I put it south of Chicago, Illinois, once known as the ‘hog capital of
the world’. People all over America send
out Christmas hams from there.
The concept of a prison is a centuries-old nightmare
reaching its apotheosis in America, where many prisons are privately
owned. Many British prisons are private
enterprises now too. When I first heard
about this, I thought it sounded like a lousy way to make money, but the
profits turn out to be very promising.
In both countries the state pays a fee per prisoner. A slice off the top has to go in bribes for
the inspectors. After that, money heads
right for the bank. Feed prisoners for
less than you feed the dogs that guard them.

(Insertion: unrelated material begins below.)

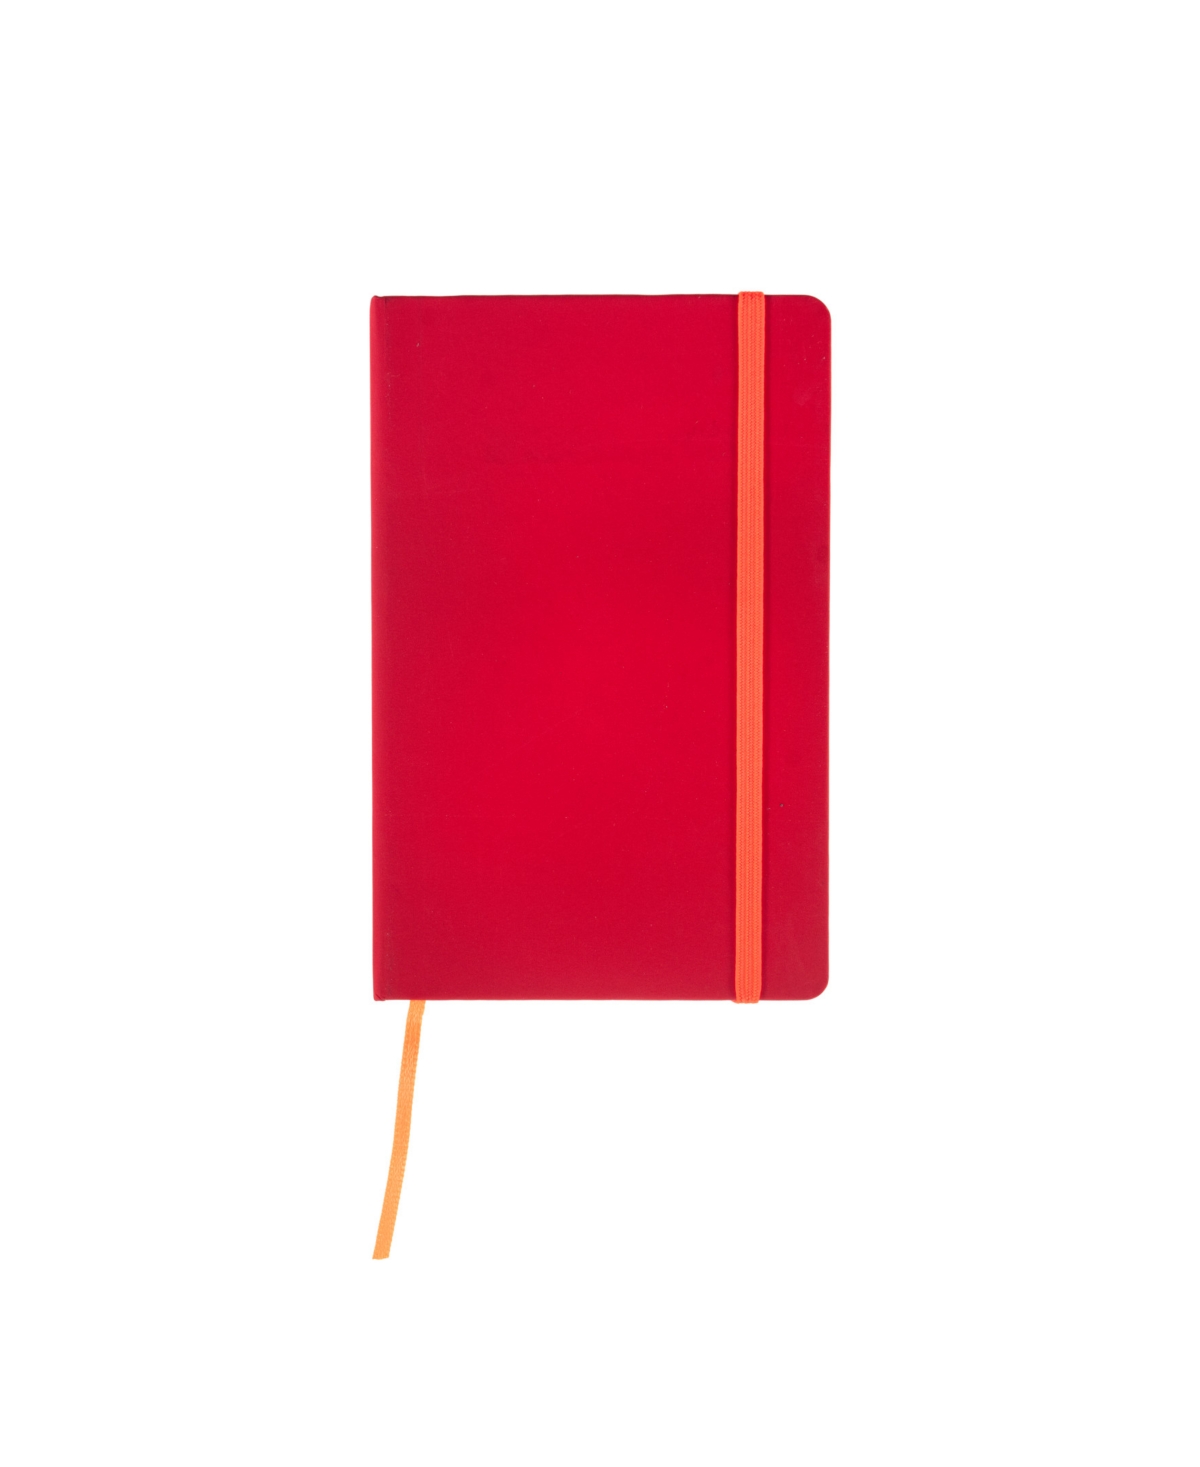 Ispira Hard Cover Lined Notebook, 3.5" x 5.5" - Red

Break guards’ unions and pay the scabs badly. Hire as few of them as you can get away
with. Minimal maintenance. Minimal medical care. Minimal everything that can be made
minimal. And then just think, you have
all these functional men and women: why waste the labour? Get government contracts to build more
prisons, and use the prisoners to build them.
If they refuse to work, increase their sentences, put them in solitary,
deny canteen privileges. Profit upon
profit, this time from old-fashioned slavery and slave quarters to go with
it. When they’ve finished building the
prisons that will hold them, hire them out to private enterprise. There are shoes, jeans, computer parts to
make, streets to clean, telemarketing to do.
Learning skills? Forget it. Outside, these jobs go to immigrant women.
So in The Blue Death,
prison labour builds a vast canal to line corporate pockets by shipping water
all the way down from Canada.
This kind of exploitation is a logical follow-up of what
began in the courtroom and what continues in the prison block. A slave is a piece of property like a cow or
a dishwasher, something to be worked for a slave owner’s profit and for no
other reason on earth. The debauched
pleasure of forcing such absolute depersonalization on another human being
who’s fallen into your power: this is what spirited defendants see in the faces
of the court.
No wonder they hate.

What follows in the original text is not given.